WORK AND ENERGY-Notes

work is said to be done when a force is applied on an object and that object moves in the direction of the applied force. If there is no movement, or if the movement is not in the direction of the force, then no work is said to be done.

In simpler words, work happens only when both force and displacement act together in the same direction. For example, if you push a box and it actually moves, you are doing work. But if you push hard and the box doesn’t move, no work is done in the scientific sense — even though you may feel tired.

Work can be positive or negative depending on the direction of force and displacement.

Work = Force × Displacement in the direction of force
Thus, work done by a force acting on an object is equal to the magnitude of the force multiplied by the distance moved in the direction of the force. Work has only magnitude and no direction.

if \(F = 1\, N\) and \(s = 1\, m\) then the work done by the force will be \(1\, N\, m\). Here the unit of work is newton metre \((N\, m)\) or joule (J).

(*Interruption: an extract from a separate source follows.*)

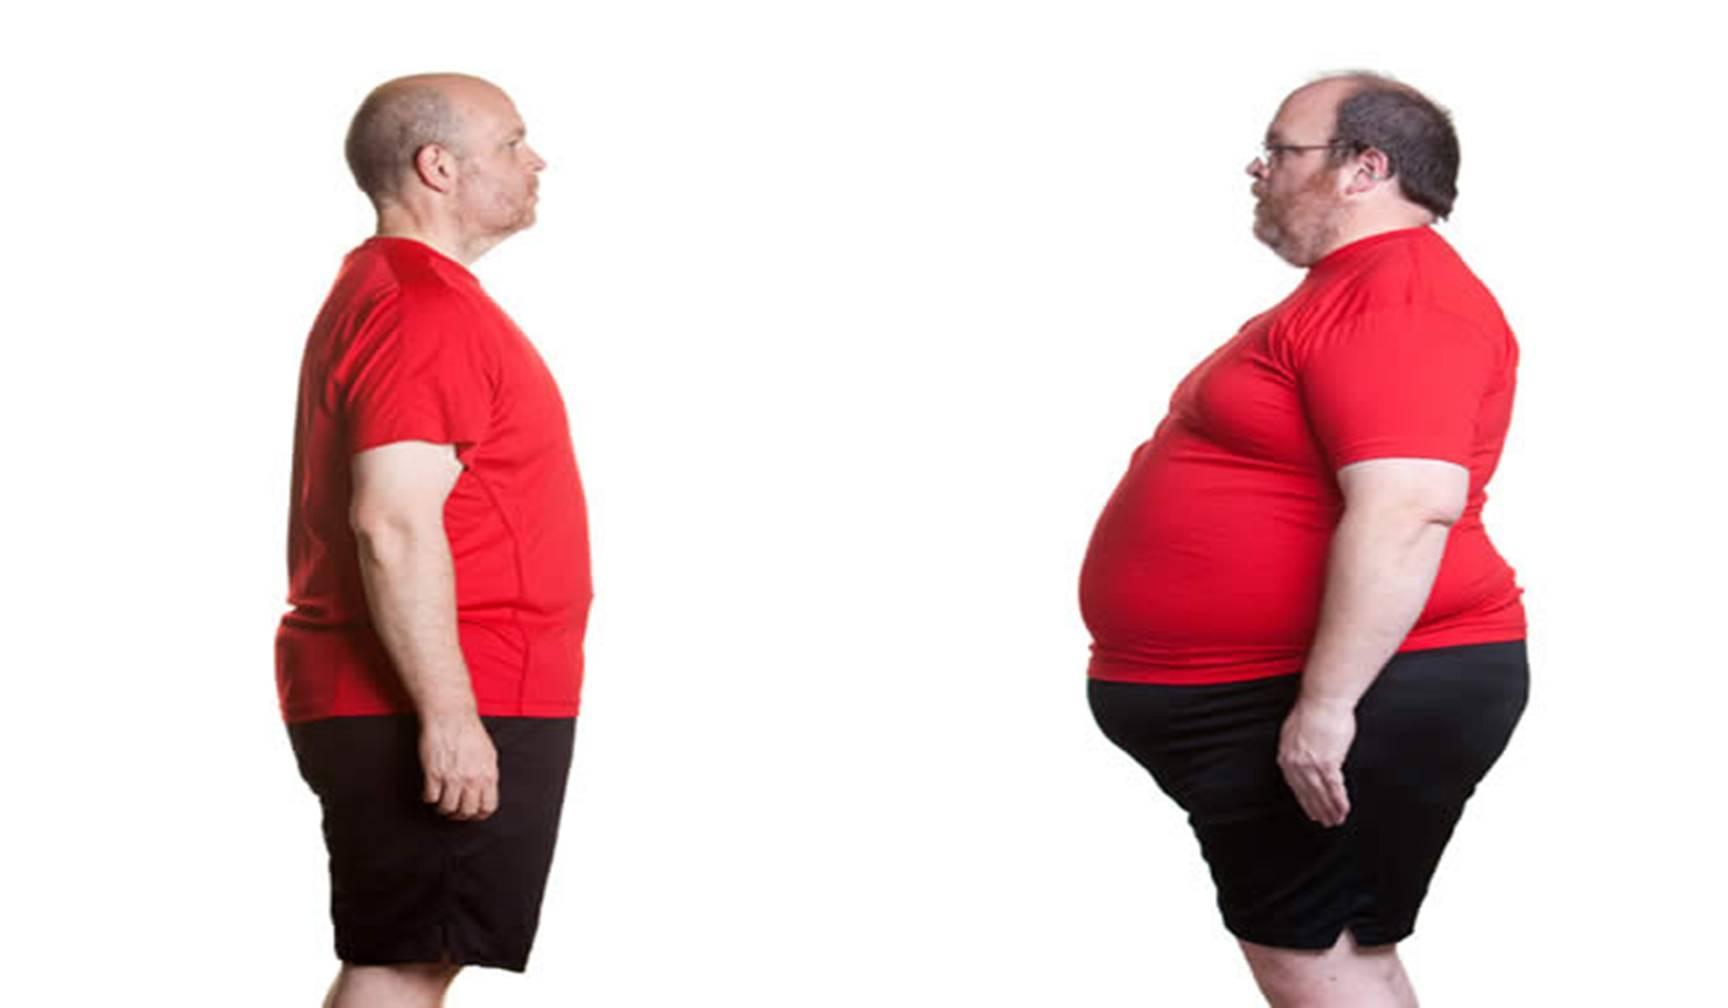 ना करनी है डायटिंग ना ही जिम बस कुछ करने हैं बहुत ही आसान से काम जो कर देंगे मोटापा कम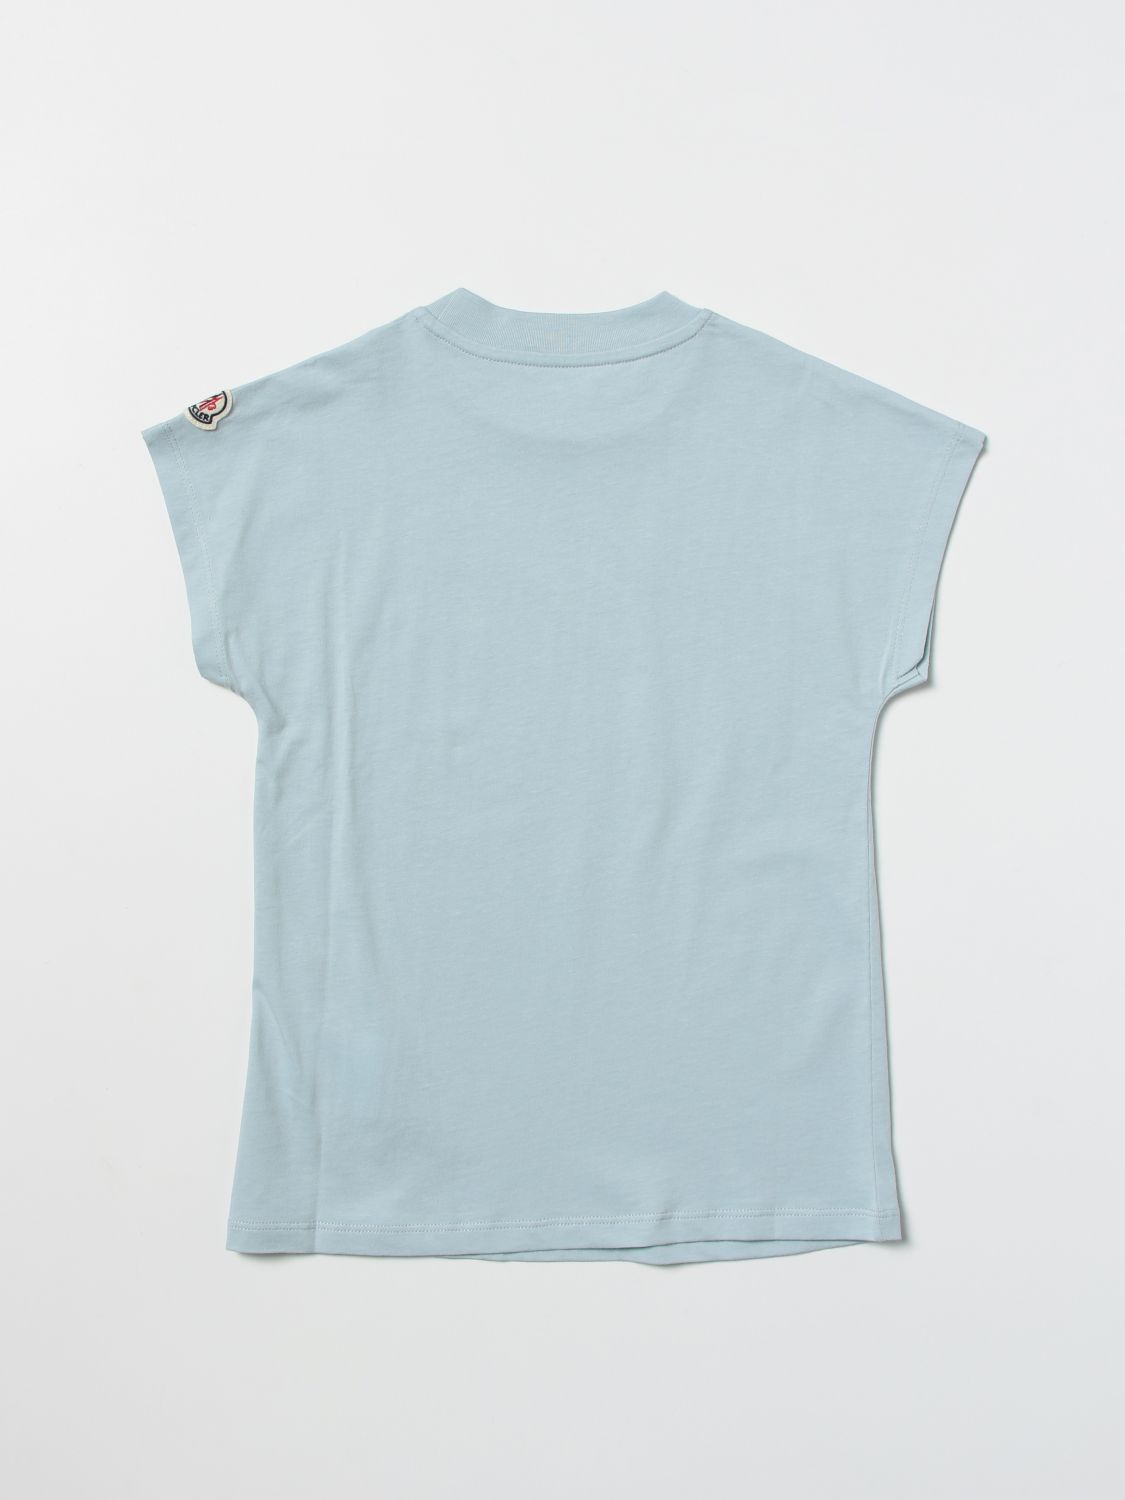 T恤 Moncler: T恤 儿童 Moncler 绿色 2

Thus, 1 J is the amount of work done on an object when a force of 1 N displaces it by 1 m along the line of action of the force.

A force of 7 N acts on an object. The displacement is, say 8 m, in the direction of the force Let us take it that the force acts on the object through the displacement. What is the work done in this case?

Solution:
Force \(F=7\,N\)
Displacement in the direction of Force \(d=8\,m\)
Work done \(W=\) \[ W=F\cdot d\tag{1}\\ \] SUbstituting Values of \(F\) and \(d\) in Formula {1} \[ \begin{align} W=7\times 8\\=56\,Nm \end{align} \]

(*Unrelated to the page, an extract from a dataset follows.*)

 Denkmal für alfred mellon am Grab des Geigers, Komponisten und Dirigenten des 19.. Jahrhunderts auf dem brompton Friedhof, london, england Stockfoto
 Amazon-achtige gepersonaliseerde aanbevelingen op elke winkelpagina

A porter lifts a luggage of 15 kg from the ground and puts it on his head 1.5 m above the ground. Calculate the work done by him on the luggage.

Solution:
Weight of the luggage \((m)=15\,kg\)
Force acting on the luggage due to gravity \[\begin{aligned}F&=m\times g\\&=15\times 10\\&=150\,N\end{aligned}\] Displacement in the direction of Force \((d)=1.5\,m\)
Work done \(W=\) \[ W=F\cdot d\tag{1}\\ \] Substituting Values of \(F\) and \(d\) in Formula {1} \[ \begin{align} W&=150\times 1.5\\&=225\,Nm \end{align} \]

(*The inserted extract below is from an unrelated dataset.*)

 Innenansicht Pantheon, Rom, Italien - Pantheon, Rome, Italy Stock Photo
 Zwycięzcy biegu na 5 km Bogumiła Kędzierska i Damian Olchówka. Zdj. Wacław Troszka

Energy is defined as the capacity of a body to do work.

The unit of energy is, therefore, the same as that of work, that is, joule (J). 1 J is the energy required to do 1 joule of work.
Sometimes a larger unit of energy called kilo joule (kJ) is used. 1 kJ equals 1000 J.

Energy exists in several forms, each characterized by how it manifests and operates in nature and technology

Major Forms of Energy

• Kinetic Energy:
  The energy possessed by an object due to its motion. Every moving object, like a rolling ball or a running person, possesses kinetic energy because of movement.
• Potential Energy:
  Energy stored in an object due to its position or shape, such as a stretched rubber band or water held behind a dam. Varieties include gravitational, elastic, and chemical potential energy.
• Mechanical Energy:
  The sum of kinetic and potential energy present in a body, representing the total energy from motion and position.
• Chemical Energy:
  The energy stored in chemical bonds of substances, released during chemical reactions—examples include energy in batteries or food.
• Electrical Energy:
  The energy resulting from the movement of electric charges, such as the power flowing through electric wires to light a bulb.
• Heat (Thermal) Energy:
  Energy related to an object's temperature, produced through the movement of its particles. A hot cup of tea demonstrates heat energy.
• Light (Radiant) Energy:
  Energy carried by light waves or electromagnetic radiation—essential for vision and many forms of technology.
• Sound Energy:
  The energy produced by vibrating objects, responsible for what we hear as sound.
• Nuclear Energy:
  The energy released from atomic nuclei during processes like fission or fusion, powering nuclear reactors and stars.

Kinetic energy is the energy that a body possesses due to its motion. Any object that is moving, whether it's a rolling ball, a flying airplane, or a running person, has kinetic energy. The amount of kinetic energy an object has depends on its mass and the square of its velocity.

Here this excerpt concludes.